We found a source who passed us the MLM pictures and plotted over pints in the Rose & Crown. I invested in some graph paper and a Sinclair Cambridge calculator, and we got to work.
Last August, at Moscow’s MAKS airshow, a Russian colleague asked how we’d done it back then, working from a photo or two to generate a rough three-view drawing and calculate performance. I told him there were no rules, because intelligence analysts were usually the only people who ever tried. But if you knew the basic dimensions, there were some graphics tricks that could get you to the right shape. Next you drew in where things like the engine, cockpit, and landing gear went. The remaining spaces contained fuel.
There were wins, losses, and draws, plus a few lessons.
Everyone got the Mikoyan MiG-23 wrong. Despite its formidable appearance, the swing-wing fighter was an evil-minded aircraft—“It would accelerate until it blew up,” said one veteran of the U.S. Constant Peg evaluation program, an Air Force squadron that flew Soviet MiGs so American pilots could figure out how to defeat them. Another Constant Peg pilot told colleagues: “Most of the time, it’s trying to kill me.” Lesson: Don’t mirror-image. We’d assumed the MiG-23 was as capable as the latest Western fighters.
The Soviet speed champ, the Mikoyan MiG-25, fooled everyone as well. Our quasi-Russian rival (we called him Ivan Rippemovsky) claimed it had a 3,400-mile range at supersonic speed. Turns out the NATO radar tracks he’d based that on weren’t from MiG-25s but from the Tu-123 Yastreb spy drone (which started life as a cruise missile).
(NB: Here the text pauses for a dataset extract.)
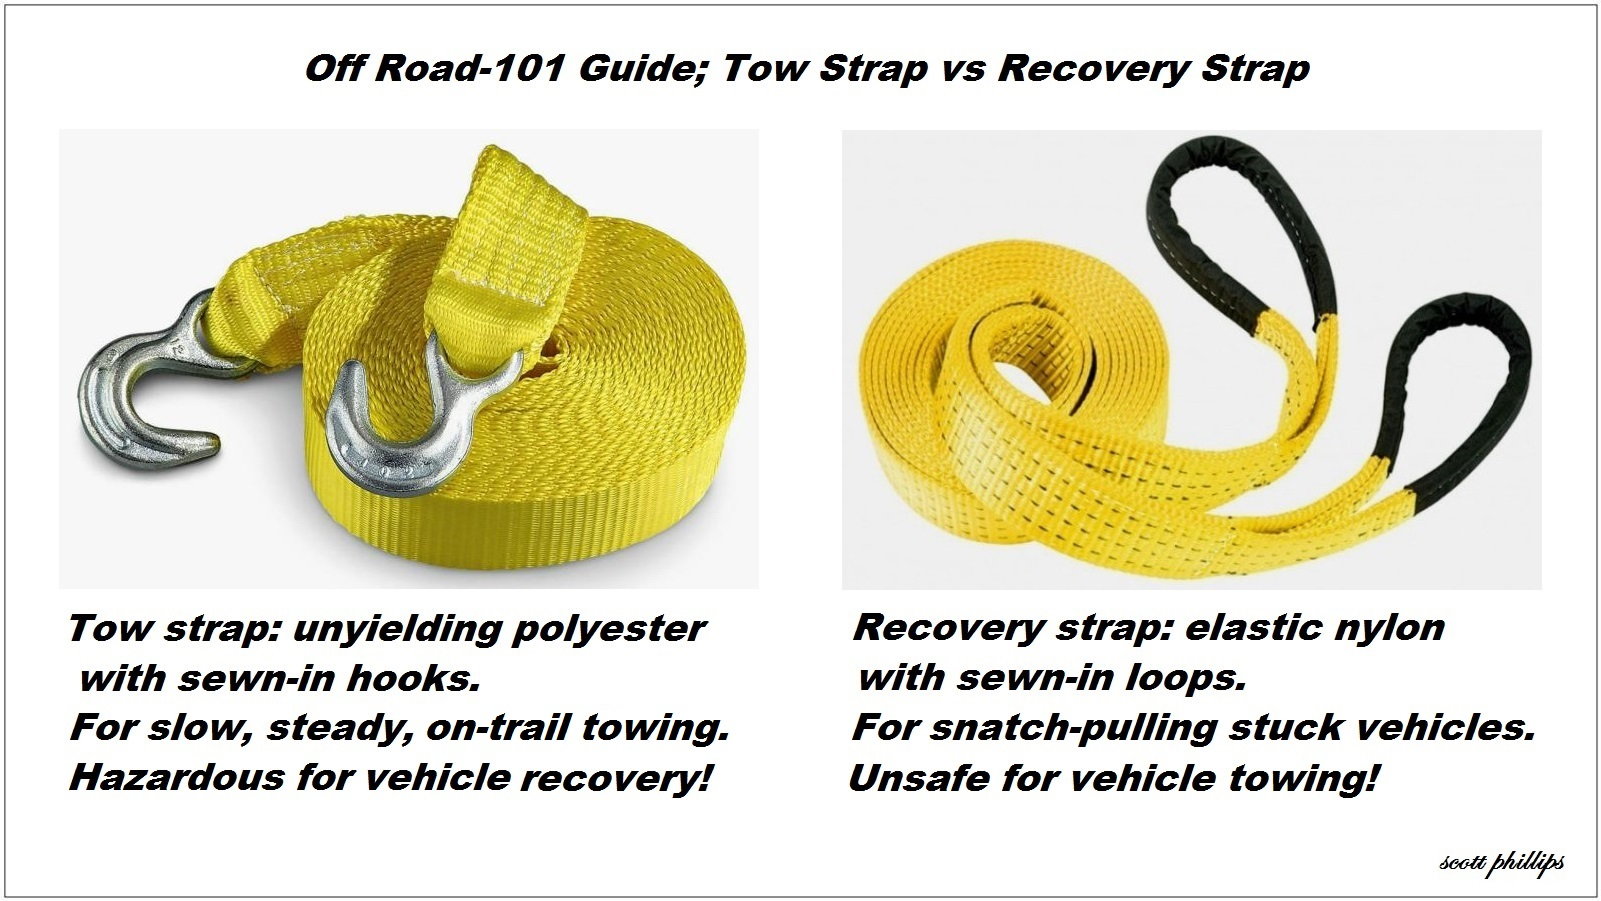 Tow strap vs recovery strap

Then there was the Tupolev Tu-22M Backfire bomber. Everyone thought it was equivalent to the U.S. Air Force’s Rockwell B-1, and had a similar range. But based on the fuzzy photos at hand, the graph paper and the Cambridge disagreed. The Backfire had room for only about 50 tons of fuel, about two-thirds what everyone thought.
Or nearly everyone. Not long after we published our numbers, I got a call from a puzzled engineer at McDonnell Douglas, who wondered how we had hit the same numbers his team had. I told him about my calculator.
In 1992, the Russians brought the Tu-22M to the Farnborough International Air Show, along with a one-page handout. We’d hit the fuel capacity within five percent. Later, I found out why that McDonnell Douglas guy was so surprised: His team had been working for what he preferred to call the Culinary Institute of America, which was quarreling with the Air Force. The Air Force claimed the Backfire had intercontinental range; the CIA said it could make it with inflight refueling but could never get back.
U.S. Air Force intelligence boss Major General George Keegan threatened to mess with the F-15 program—a huge McDonnell Douglas contract—if MD’s analysts, the ones feeding the CIA, didn’t find more fuel tanks in the Russian bomber so that their conclusions matched his. CEO Sanford “Sandy” McDonnell stood his ground. Keegan went on to start the Great Space Laser Panic of ’79. And the Tu-22M did what it did best, which wasn’t strategic bombing but scaring the bejeesus out of carrier groups.
Lesson: Sometimes senior officers stretch the truth until it breaks. But the calculator tells no lies.